LESS (noun) "a smaller amount or quantity":

Hundreds of soldiers arrived, but less of them remained.


What would be the correct agreement for the verb remain in the following two sentences then?

  1. Hundreds of soldiers arrive every day, but less of them remain(s).

  2. Hundreds of soldiers arrive every day, but less remain(s).

  • 3
    Just a note, you should use fewer when describing something countable (like soldiers), and less when describing something uncountable (like a liquid). You might have fewer soldiers or less water, but not less soldiers or fewer water. – Nuclear Hoagie Nov 9 '20 at 17:30
  • In this context few remain. There are many duplicates about less/fewer but I can't find one with less/few. "Hundreds of soldiers arrived, but few remain." – Weather Vane Nov 9 '20 at 17:31
  • 2
    @WeatherVane: But fewer than hundreds of soldiers might still be many, not few.
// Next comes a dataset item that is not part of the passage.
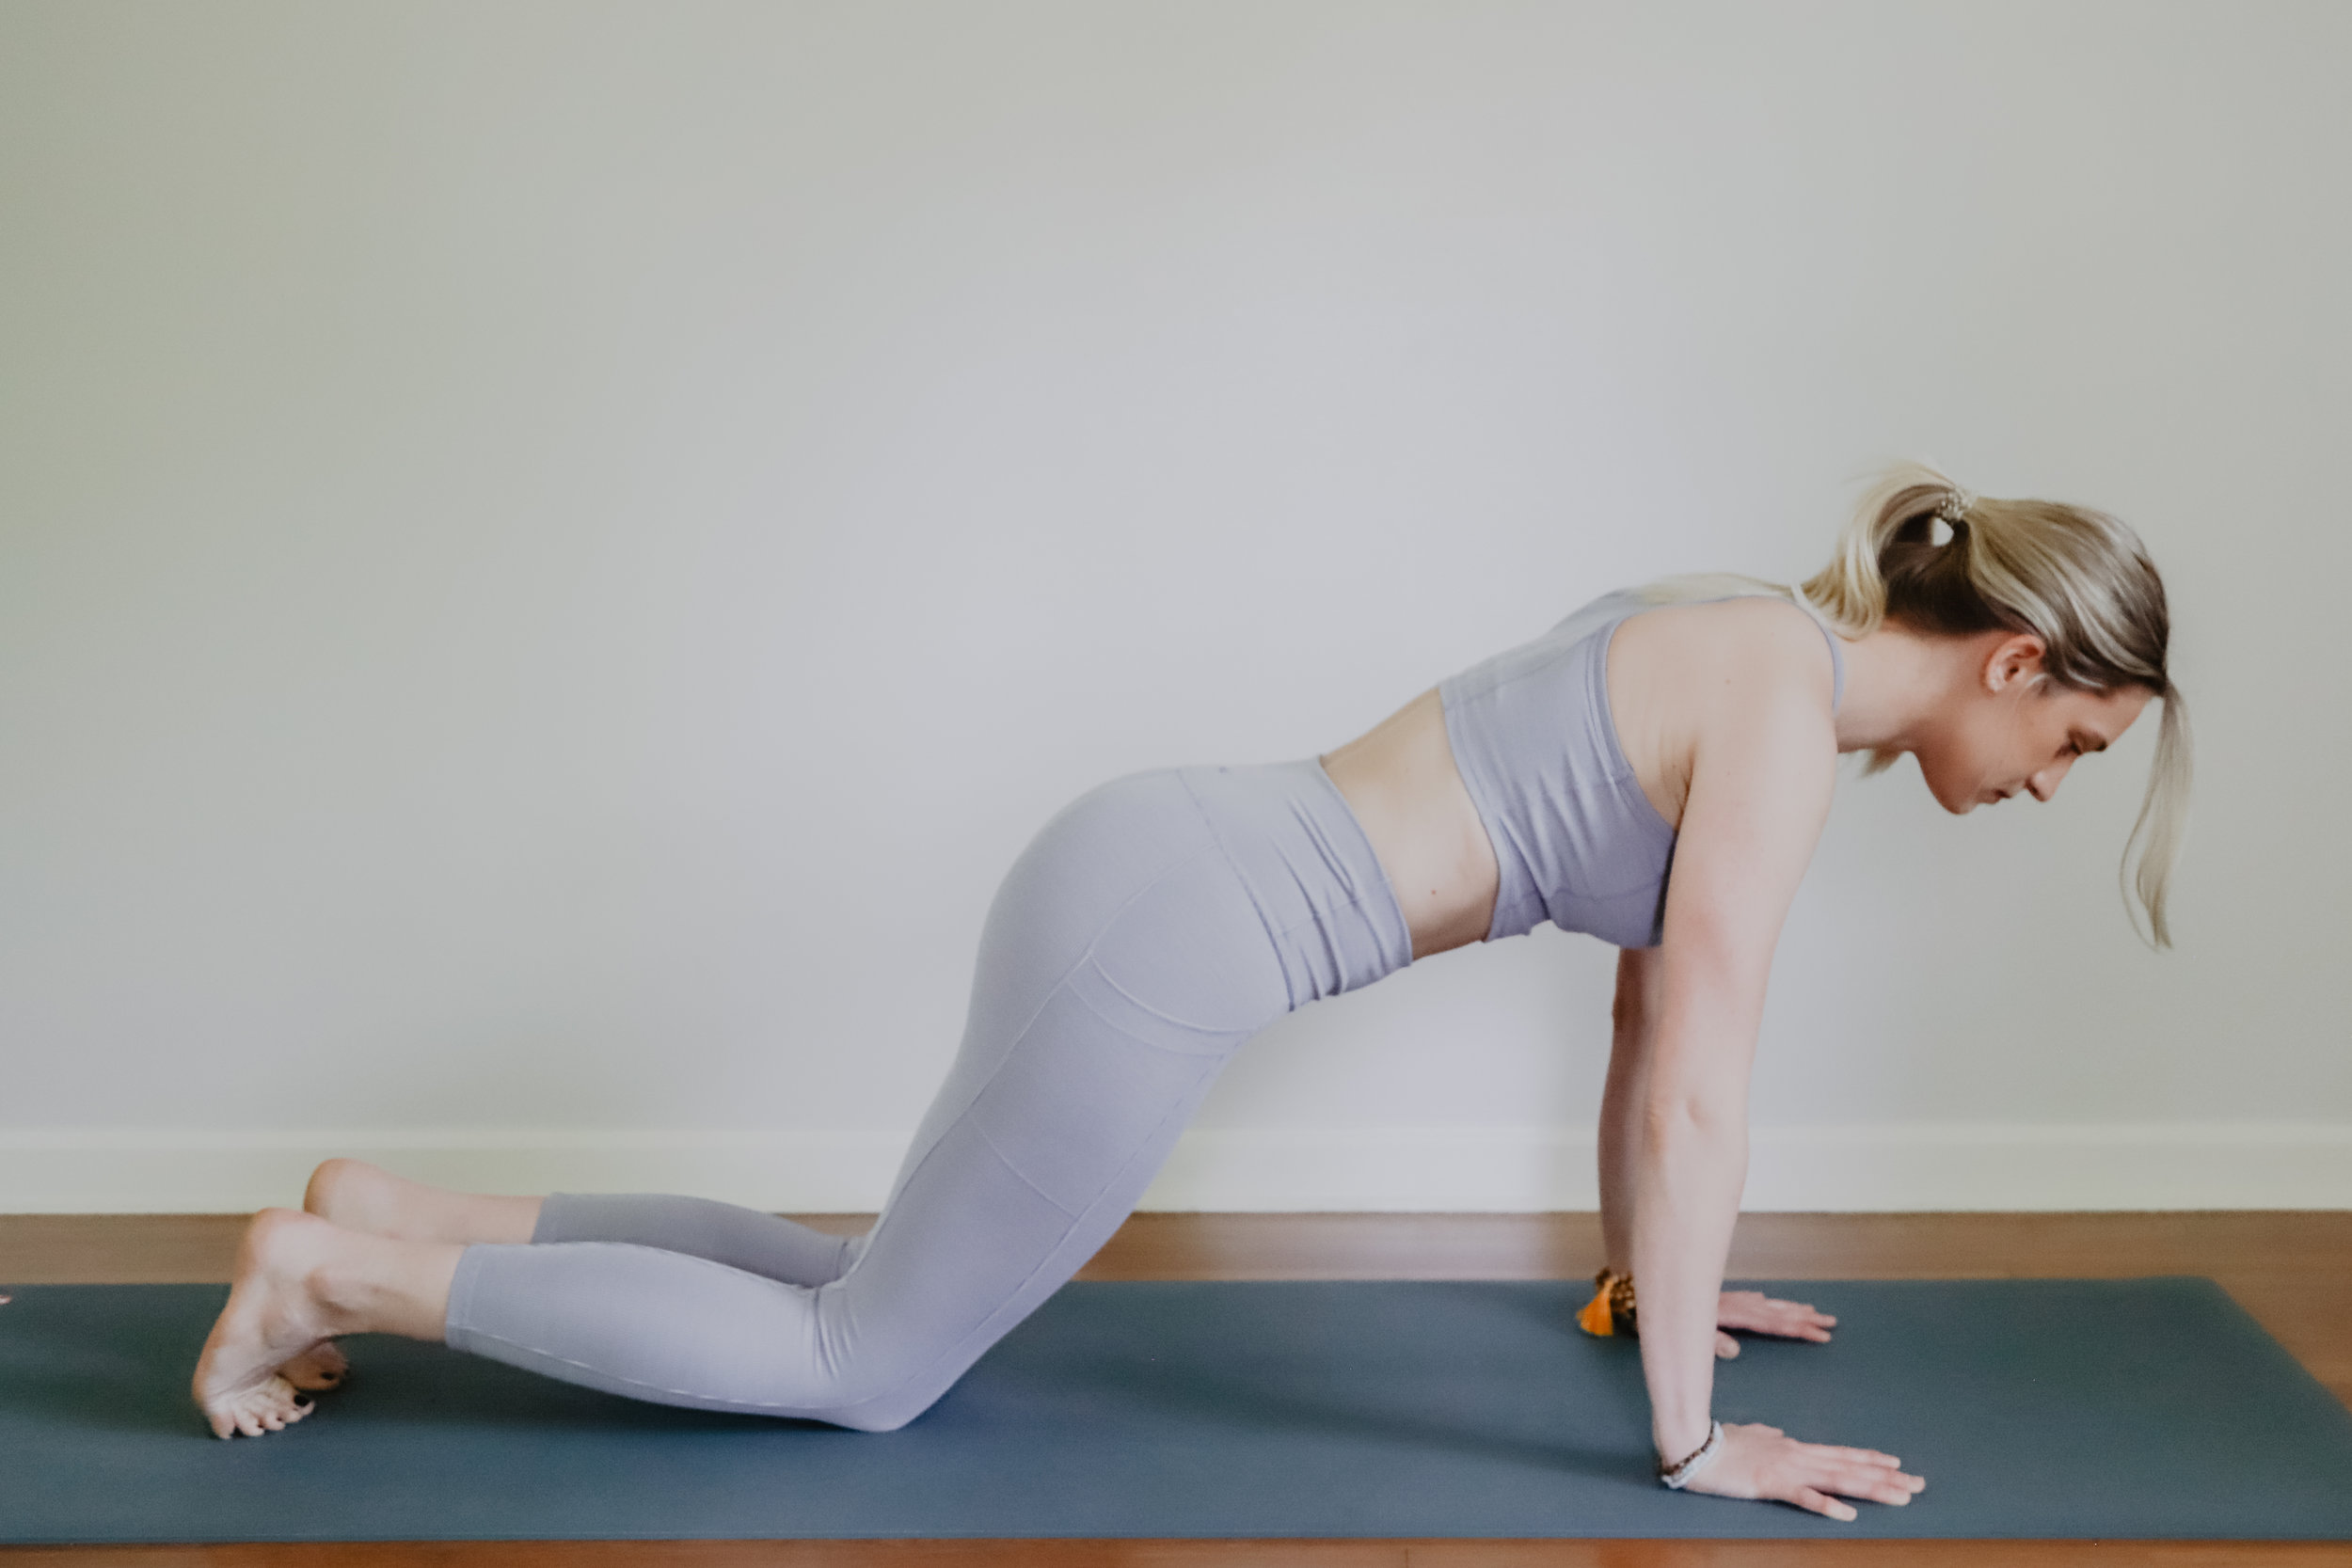 Chaturanga : Top 3 Drills to Build Strength for this Pose - Thrive

There is nothing wrong with fewer here. – Peter Shor Nov 9 '20 at 17:33
  • @PeterShor true: how many remain is relevant. If 99 remain, they are not 'few', but if 3 remain they are. It's an option. – Weather Vane Nov 9 '20 at 17:34
  • 1
    @GJC: I certainly can't explain it. Usually I'm pretty good at guessing in advance what NGrams is going to tell me. But I'd have taken it for granted that over the past century or two, fewer would be a massively declining usage compared to less in just about all contexts. But it turns out that although less is still much more common overall, it's actually losing traction compared to fewer. The only explanation I can think of is there must be a lot of people these days paying attention in English classes because they're worried people will think they speak badly! – FumbleFingers Nov 9 '20 at 19:01

In general "less" is singular and "few" is plural. This is because "less" is used uncountably and "few" is used countably.


Less is more (singular)

Fewer are expected for the meeting during Covid restrictions. (plural)


Hundreds of soldiers arrive every day, but fewer remain. (plural)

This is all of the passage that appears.